Signa has paid 300 million euros, or $397.8 million at current exchange, for 75.1 percent of Karstadt’s three luxury department stores — KaDeWe in Berlin, Alsterhaus in Hamburg and Oberpollinger in Munich — as well as Karstadt’s 28 sporting goods stores. The premium stores are filled with international luxury labels like Louis Vuitton, Prada, Gucci and Hermès. KaDeWe is the second largest store in Europe next to Harrods in London.
Berggruen retains a 24.9 percent stake in the luxury stores and the sporting goods stores, and continues to maintain 100 percent ownership of Karstadt’s core, 83-unit department store chain that operates throughout Germany.
On the deal with Signa, Berggruen said: “This is my contribution to Karstadt’s further recovery. I believe in the company and its employees, who are now gaining additional scope and security. I have done this transaction in order to save the future of the organization.”
Berggruen rescued the $4 billion Karstadt out of insolvency in 2010 and has since streamlined operations and staff and triggered a major modernization of the business, working with chief executive officer Andrew Jennings, who has been orchestrating the “Karstadt 2015” strategy. It’s focused on re-merchandising, refurbishments and modernizations, and elevating the profile of the department stores. The 300 million euros will be invested in furthering the strategy.
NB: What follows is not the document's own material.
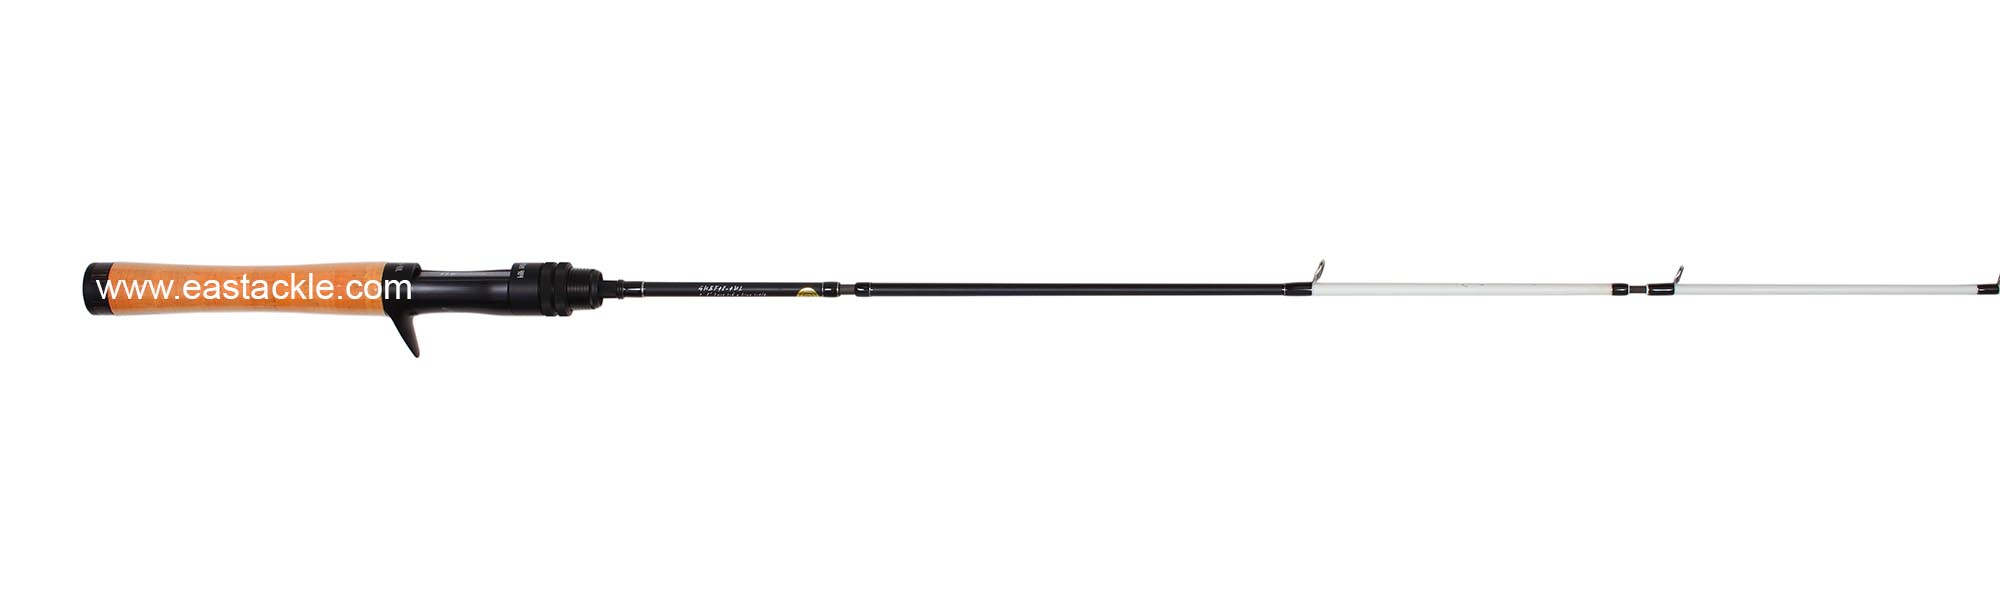 Megabass - Great Hunting - GHBF 48-4 UL - Bait Casting Rod - Rear Grip to Mid Section (Side View) | Eastackle
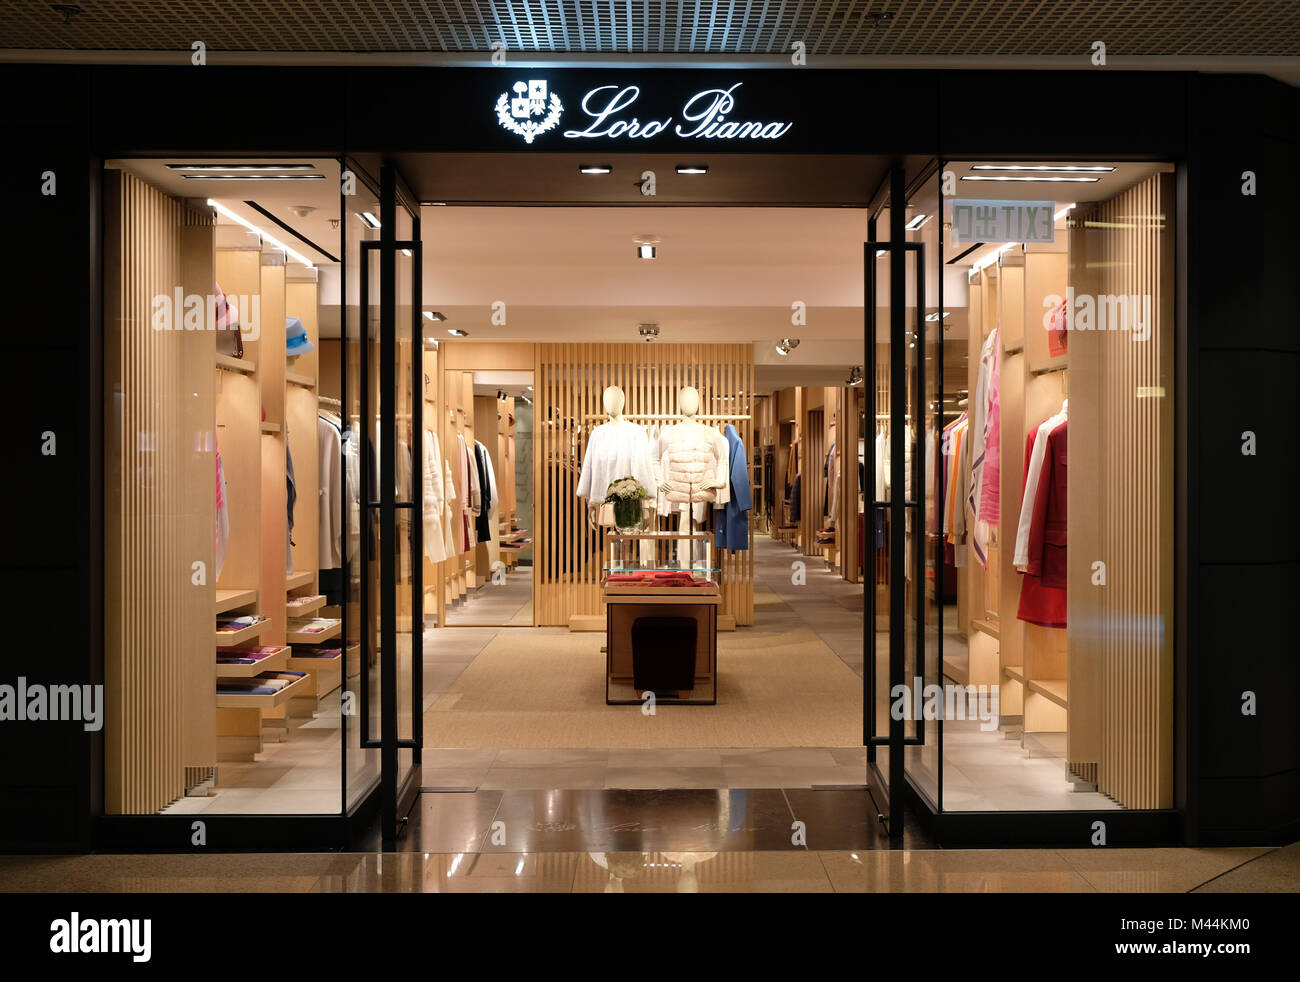 HONG KONG - FEBRUARY 4, 2018: Loro Piana store in Hong Kong. Loro Piana is an Italian clothing company specialising in high-end, luxury cashmere and w Stock Photo

Signa is already Karstadt’s biggest landlord. Last year, Signa acquired the KaDeWe site along with 16 other Karstadt locations, and in 2001, Signa bought the Oberpollinger site.
Separately, Karstadt revealed that Stephan Sandel is succeeding Jared Bluestein as the new chairman of the supervisory board. Jennings will now report to Sandel and the board. Jennings is planning to leave Karstadt at the end of the year when his contract expires. He has hinted that his next move will be in London.